Keep it simple.
1. Recognize that most people do not like to sit down and grind out documentation. They never will. God bless those who can do it.
2. Recognize that many people do not like to read documentation and will often miss important details anyway.
3. Recognize that many of us would prefer to watch a short video when given preference.
4. Recognize that many of us are social creatures and we prefer talking to each other.
5. Recognize that many people are most confidant when speaking in their conversational voice, and talking about things they actually know.
I facilitate short 1-on-1 recorded sessions with my team. I ask them to talk at length about various aspects of their jobs. Once they get going, they will tell you everything they know, even where the bodies are buried (so to speak)
Attach transcripts to videos (to make it searchable), and title it appropriately.
However, you must come prepared to the call! Have a list of bullet points and questions that you must cover. Fire them off to your devs and collect the responses accordingly. Do not be afraid to go into rabbit holes on specific details.
If you can, get everything into story format. Rather than "just the facts," ask them to tell you the full context. How did we arrive to the curret state of things? What have we used such non-obvious methods of solving this problem?
Doing this does two things:
- It makes it much more engaging for your viewers / readers. They get onboarded into the problem much more easily.

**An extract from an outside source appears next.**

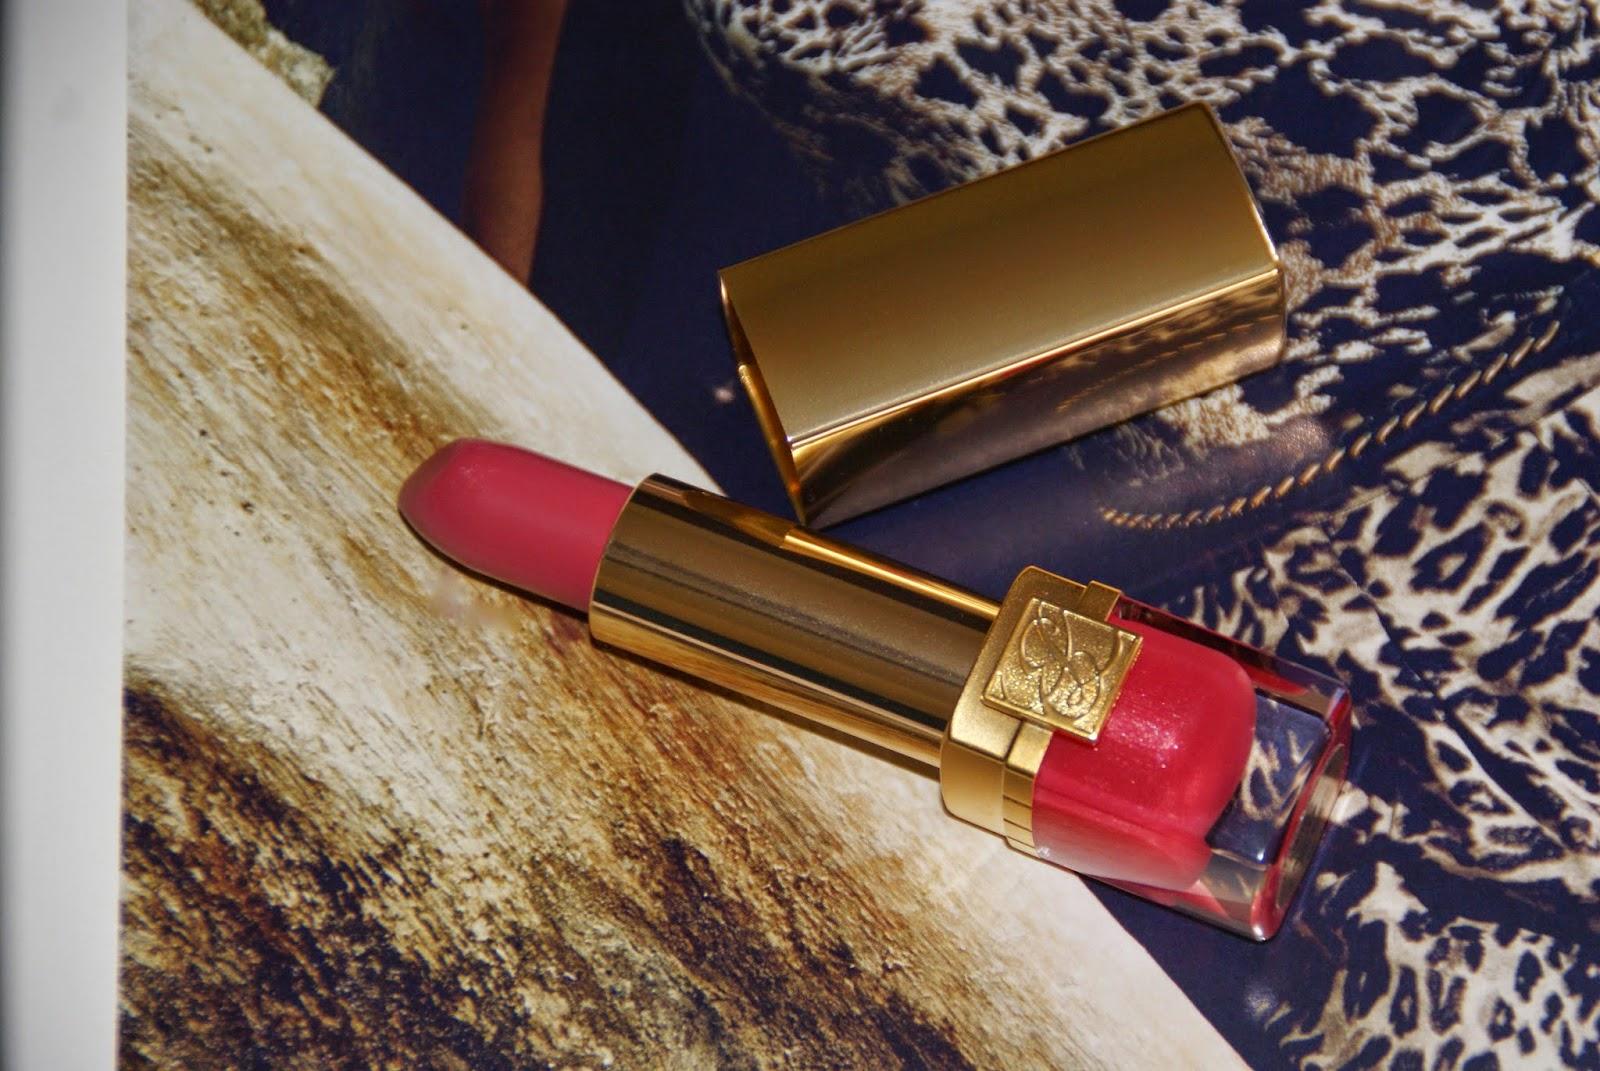 Estee Lauder Lipsrick, nordstrom beauty, makeup

- The story-teller digs into his memory and experience, shedding light and insights that would not otherwise have been revealed simply writing documentation. This is why Barbara Walters, Charlie Rose, and Piers Morgan make the big bucks – they get more out of their guests!
GPT and LLMs lend a hand
This one could be a game-changer, but the jury is still out on it. My strategy has been to feed it my notes, thoughts, and example use cases. I prompt it with instructions and guard rails for what is good output. It usually takes a few iterations, but results are promising.
This one is an interesting use case. It is like having a capable copy-editor on hand who can quickly help bring structure to my loose notes. I find myself wanting to experiment more with other LLMs like llama.